Et le jour de la reprise, ce sont encore eux qui on tenu l’école à bout de bras, face à des animateurs de la ville de Caen souvent recrutés dans l’urgence, ignorants des nouveaux fonctionnements de l’école, du protocole sanitaire et des contraintes inhérentes à leur nouvelle fonction (préparation d’activités pour encadrer des groupes d’élèves en lien, par exemple avec les 2S2C).

Et comme si cela ne suffisait pas, ils ont dû s’adapter à vos nouvelles exigences concernant les horaires, l’occupation des locaux, le ménage, la restauration… La sagesse aurait voulu que l’on mette en œuvre les moyens pour s’adapter aux besoins des équipes pédagogiques et des élèves, à Caen ce fut l’inverse : tout le monde a dû s’adapter aux exigences comptables de la Mairie.

Les semaines qui ont suivi, ce sont les enseignants, encore, qui ont dû jouer le rôle de vos secrétaires en transmettant vos communications et vos enquêtes aux parents… autant de courriers dans lesquels vous avez l’outrecuidance d’écrire que tout se passe à merveille et que tout le travail se fait en concertation avec l’Éducation nationale !

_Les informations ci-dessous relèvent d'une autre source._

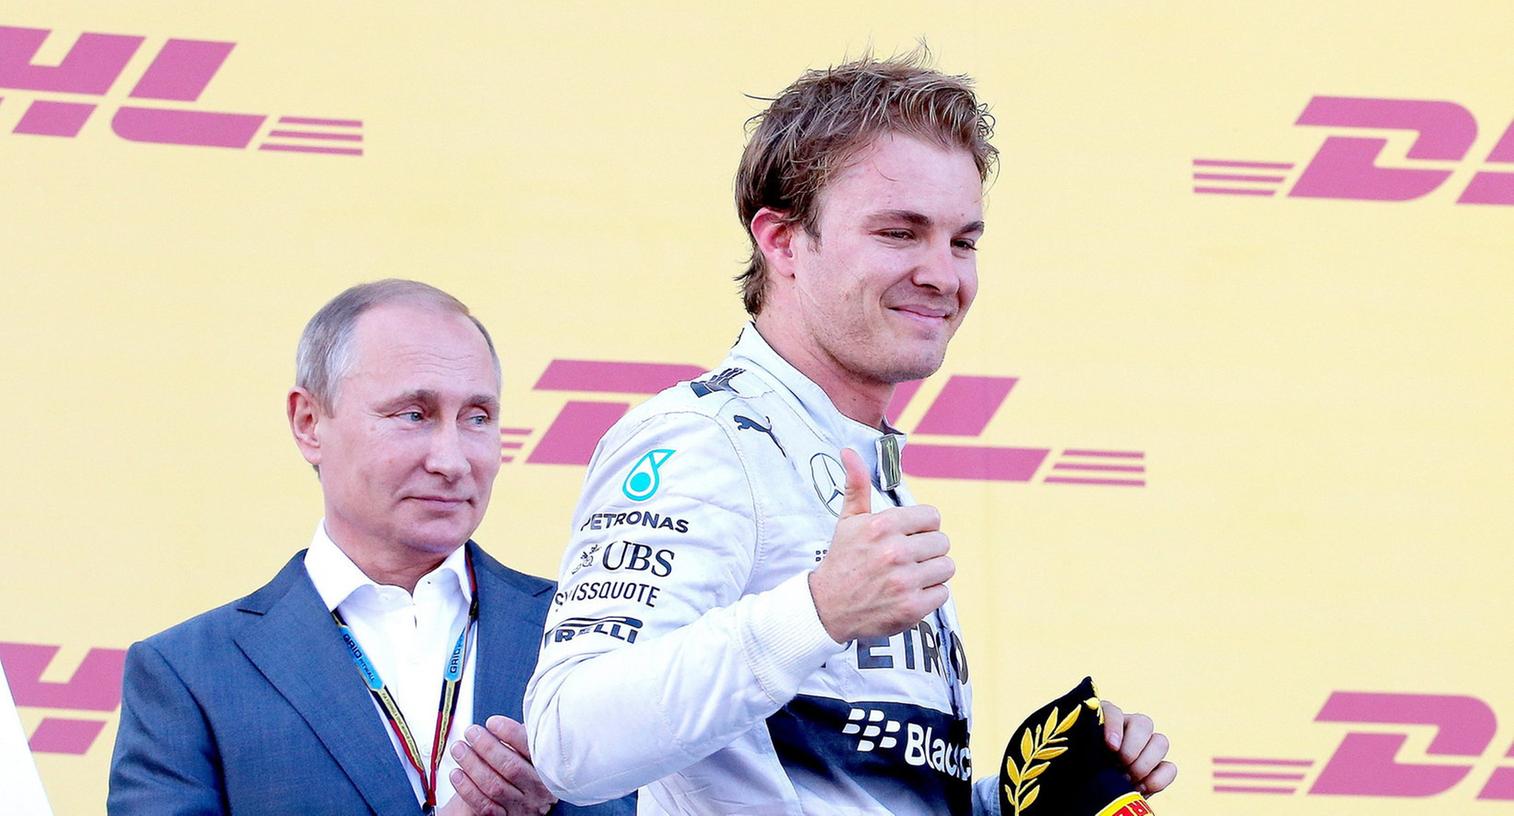 Jagt seinen Teamkollegen: Nico Rosberg will Lewis Hamilton in der Fahrerwertung noch überflügeln.

Aujourd’hui la coupe est pleine : avec la même autorité, avec la même absence de concertation, vous imposez de nouvelles contraintes dans le cadre de la deuxième phase de déconfinement du 2 juin. Vos décisions ne sont que comptables et les élèves et leurs enseignants ne sont pour vous que des pions que l’on doit déplacer pour satisfaire vos exigences. En réduisant encore les moyens d’encadrement par des agents municipaux, en imposant le « bourrage » des groupes afin qu’ils atteignent les seuils (15 en élémentaire / 10 en maternelle), vous conduisez à des aberrations pédagogiques , une perte de sens et à des situations personnelles dramatiques : certains élèves doivent quitter leur classe pour en rejoindre une autre : jusqu’à la fin de l’année, ils ne travailleront plus avec leurs camarades ni leur maîtresse ! Certains enseignants doivent abandonner leurs élèves à leurs collègues et aller enseigner dans une autre école, certaines classes sont éclatées dans d’autres classes correspondant à d’autres niveaux… On ne compte plus les conséquences désastreuses de cette gestion calamiteuse.

La situation n’est plus tenable, les personnels et leurs élèves souffrent : il est urgent d’abandonner cette gestion comptable, ce mépris et cet autoritarisme pour se tourner vers les équipes pédagogiques dans les écoles et leur permettre de travailler, de nouveau, de façon sereine au service de la réussite de leurs élèves.